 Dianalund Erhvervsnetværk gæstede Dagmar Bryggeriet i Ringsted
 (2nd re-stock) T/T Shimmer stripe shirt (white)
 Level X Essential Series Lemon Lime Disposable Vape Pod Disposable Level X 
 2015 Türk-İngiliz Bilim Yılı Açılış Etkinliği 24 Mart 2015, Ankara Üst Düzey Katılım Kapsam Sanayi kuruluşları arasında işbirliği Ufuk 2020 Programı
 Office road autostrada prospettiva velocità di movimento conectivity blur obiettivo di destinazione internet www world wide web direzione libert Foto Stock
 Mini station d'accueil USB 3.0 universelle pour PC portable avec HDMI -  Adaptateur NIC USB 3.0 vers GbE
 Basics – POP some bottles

§ **DESCRIPTION OF THE TASK**:
Your answer should be the full set of records above, restated exactly.

§ **OUTPUT OF THE EXERCISE**:
 Dianalund Erhvervsnetværk gæstede Dagmar Bryggeriet i Ringsted
 (2nd re-stock) T/T Shimmer stripe shirt (white)
 Level X Essential Series Lemon Lime Disposable Vape Pod Disposable Level X 
 2015 Türk-İngiliz Bilim Yılı Açılış Etkinliği 24 Mart 2015, Ankara Üst Düzey Katılım Kapsam Sanayi kuruluşları arasında işbirliği Ufuk 2020 Programı
 Office road autostrada prospettiva velocità di movimento conectivity blur obiettivo di destinazione internet www world wide web direzione libert Foto Stock
 Mini station d'accueil USB 3.0 universelle pour PC portable avec HDMI -  Adaptateur NIC USB 3.0 vers GbE
 Basics – POP some bottles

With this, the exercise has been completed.